> **Task to complete**
Would you return the listing that follows exactly, leaving its pictures behind?

> **Task input**

· · ·

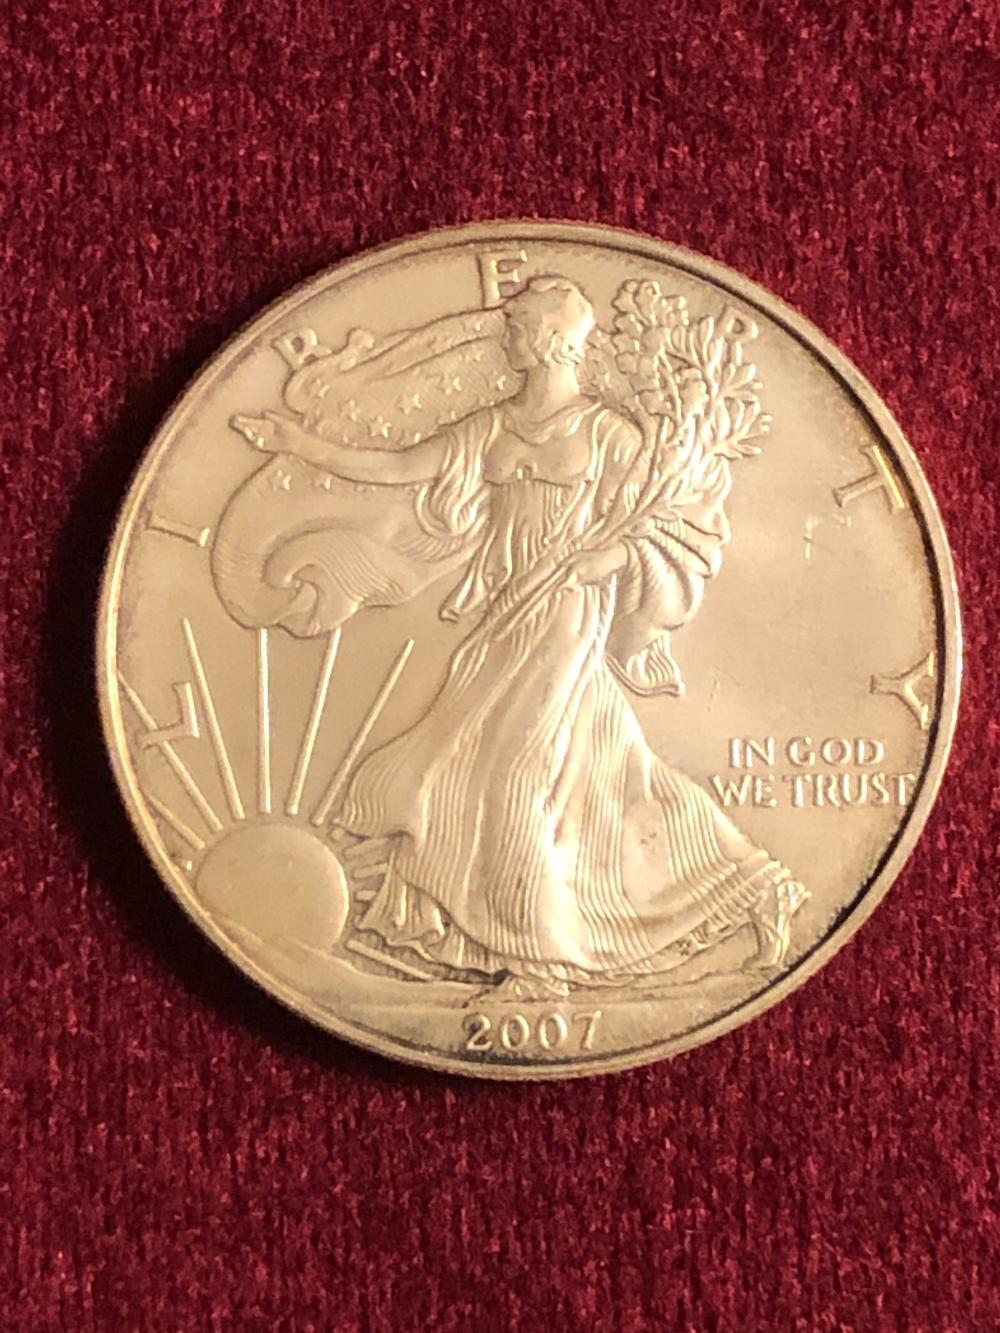 2007 1 oz fine silver walking liberty coin
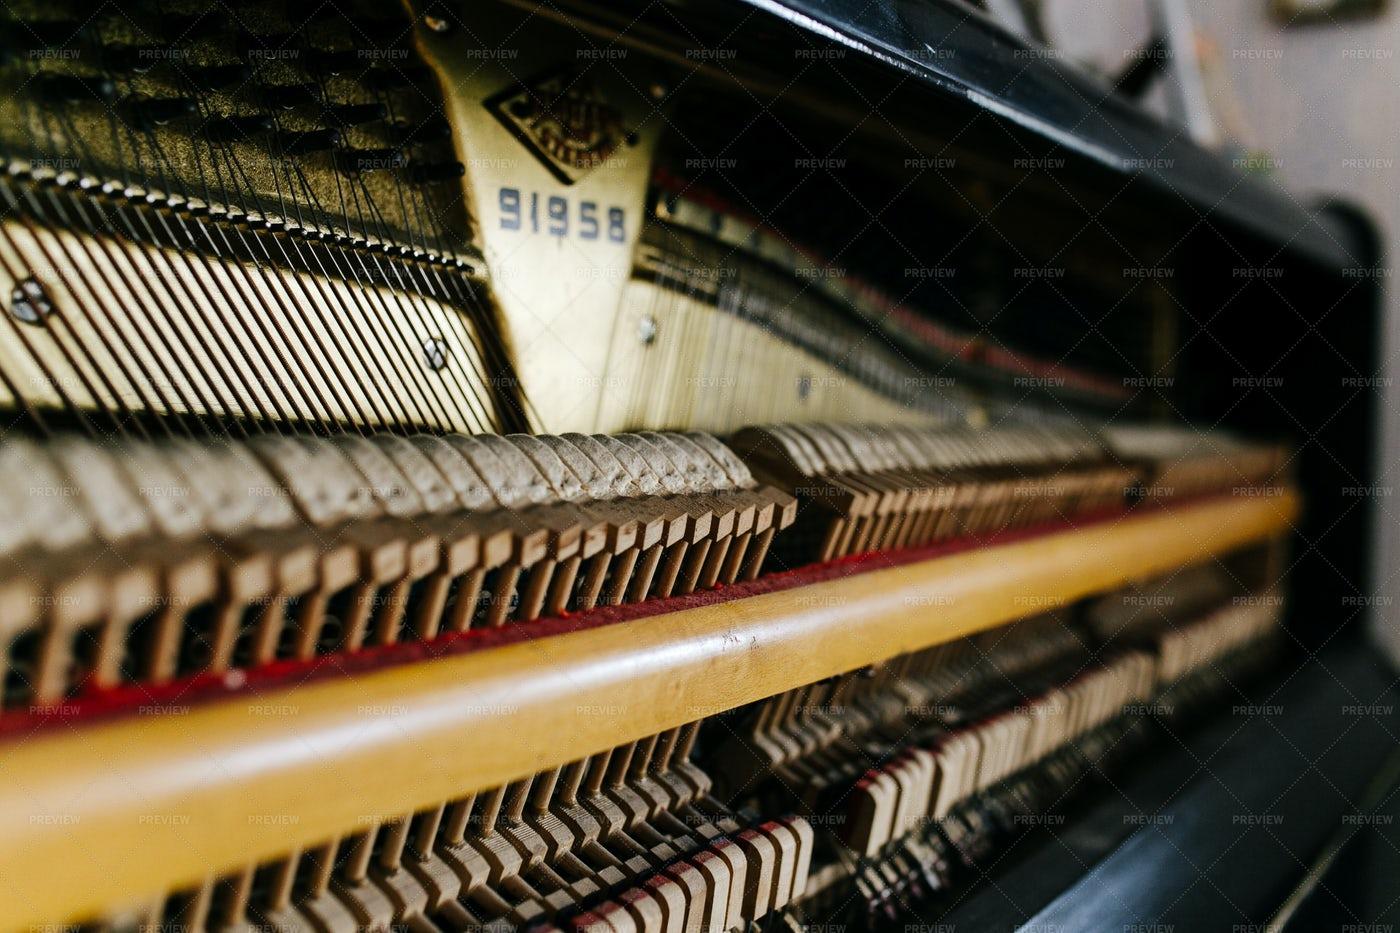 Interior Of Vintage Upright Piano: Stock Photos
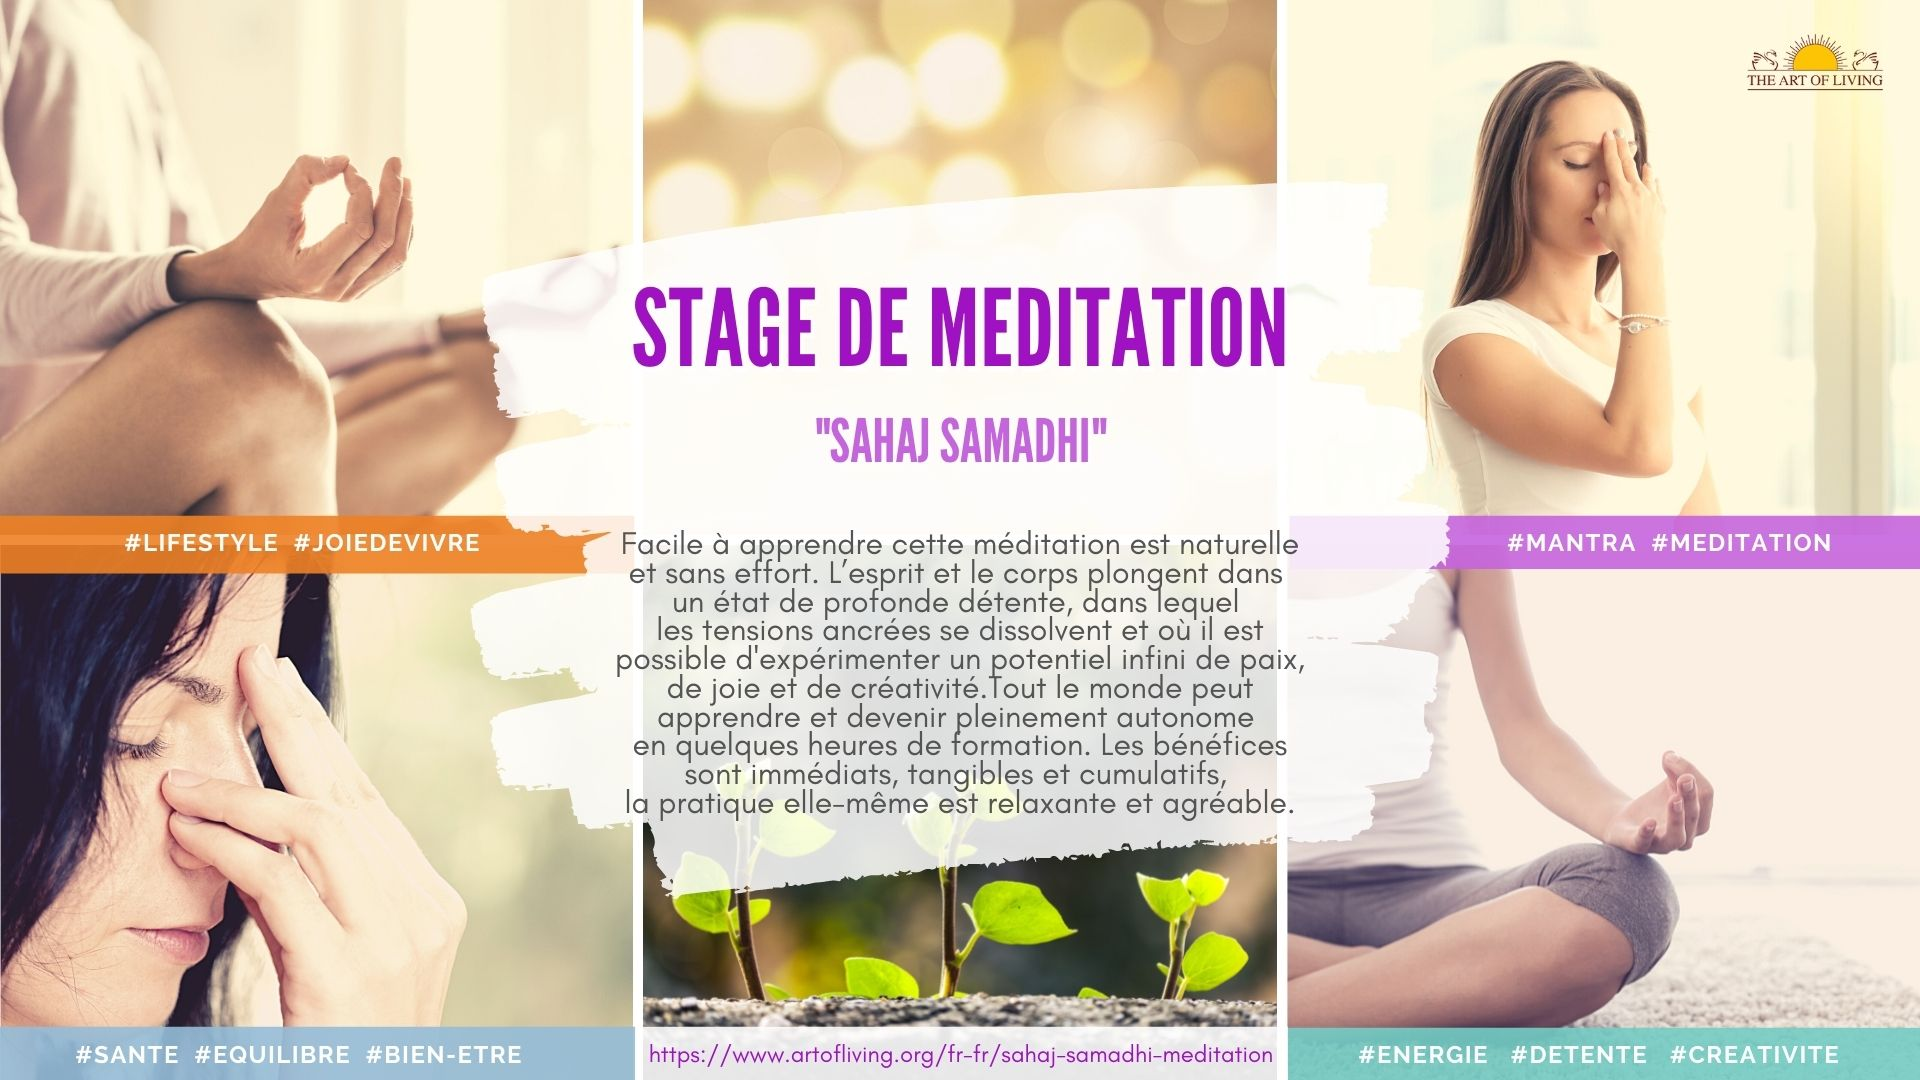 Stage de Méditation Sahaj Samadhi
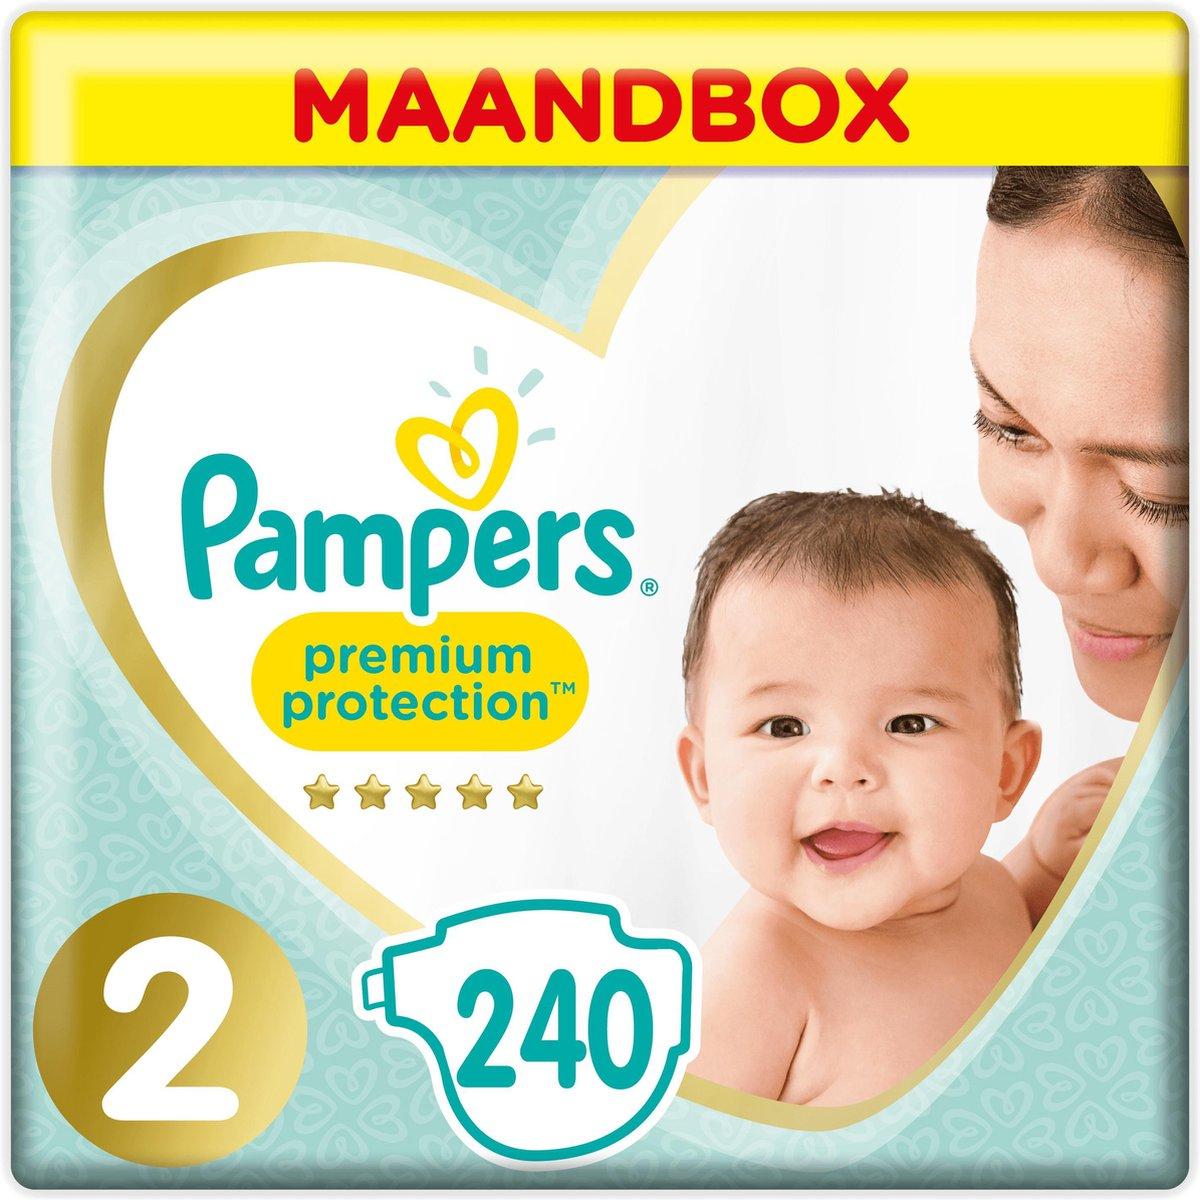 Pampers maandboxen bol.com
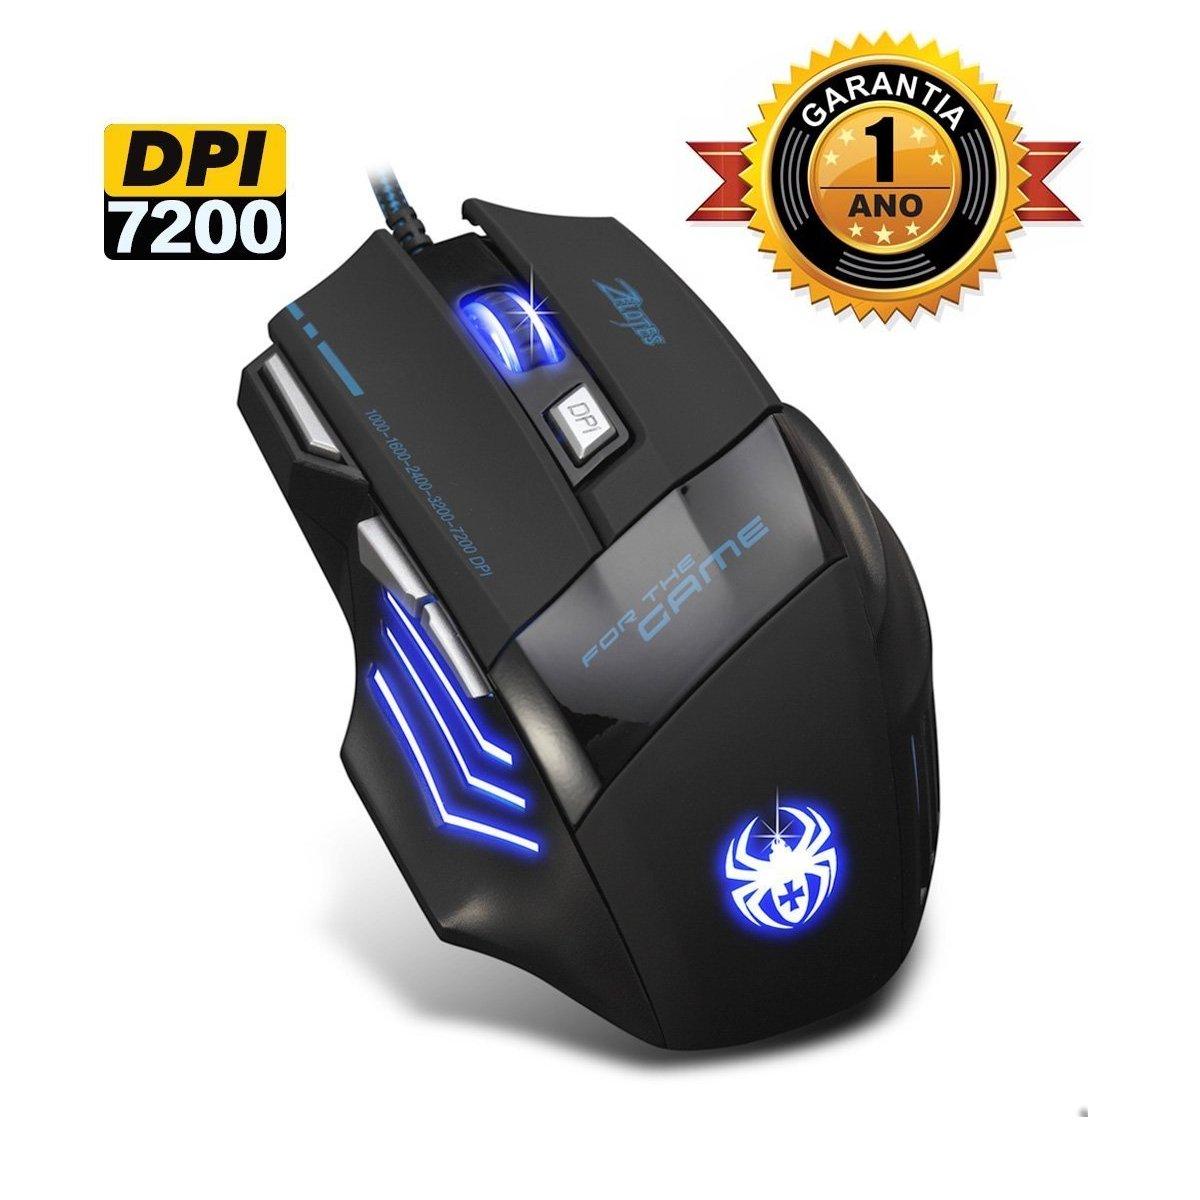 Nueva versión Ratón Mouse para PC Gaming con DPI CorVik ZELOTES T
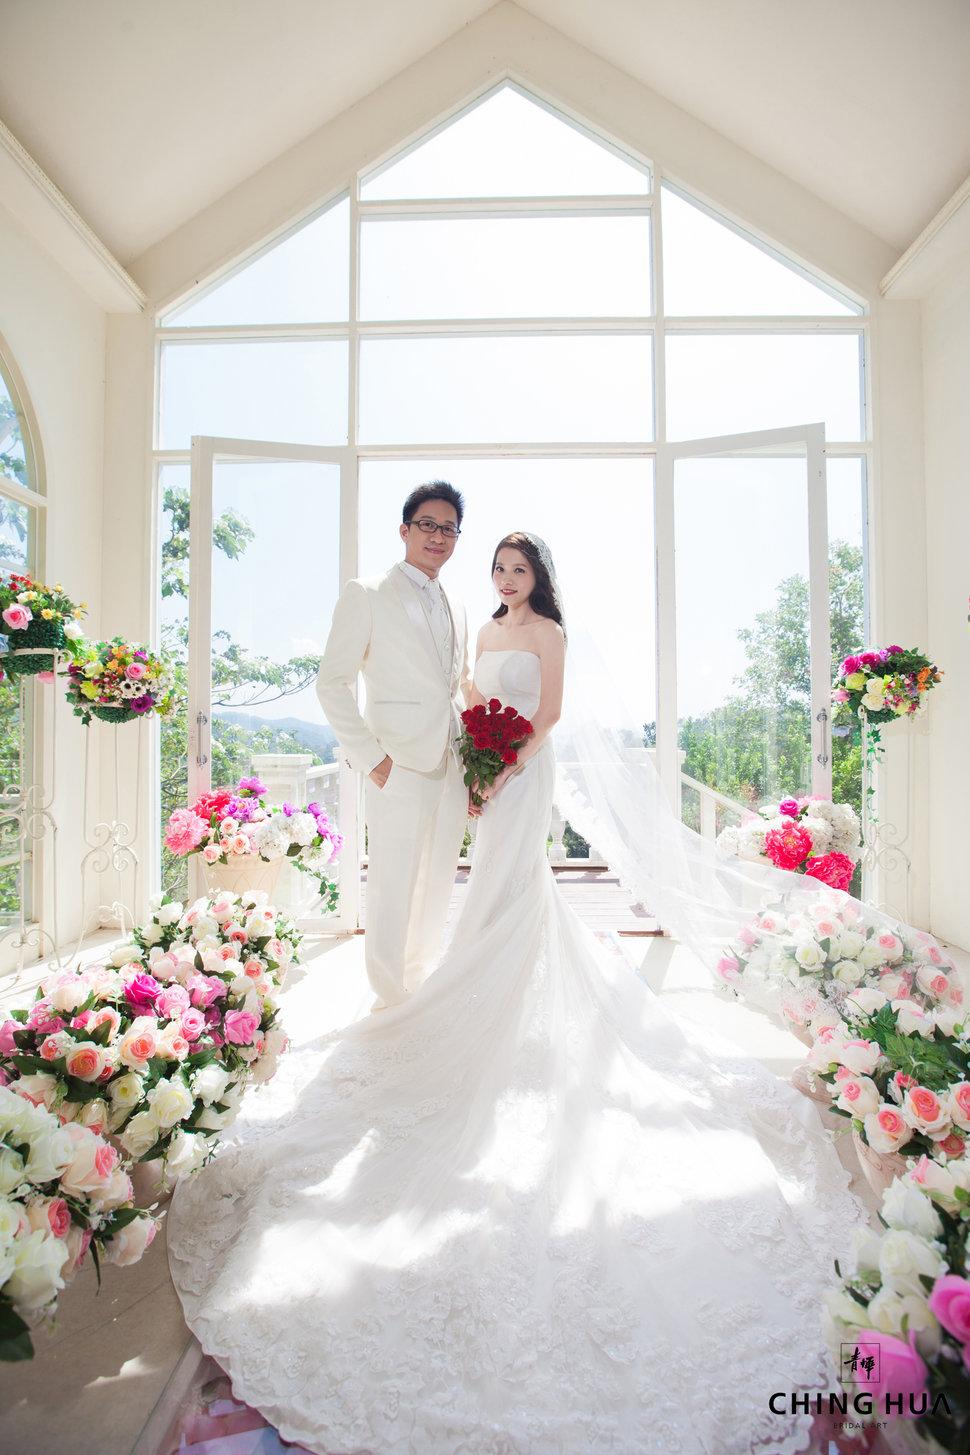 (編號:376880) - 青樺婚紗CHINGHUA - 結婚吧

· · ·

> **Reply**
 2007 1 oz fine silver walking liberty coin
 Interior Of Vintage Upright Piano: Stock Photos
 Stage de Méditation Sahaj Samadhi
 Pampers maandboxen bol.com
 Nueva versión Ratón Mouse para PC Gaming con DPI CorVik ZELOTES T
 (編號:376880) - 青樺婚紗CHINGHUA - 結婚吧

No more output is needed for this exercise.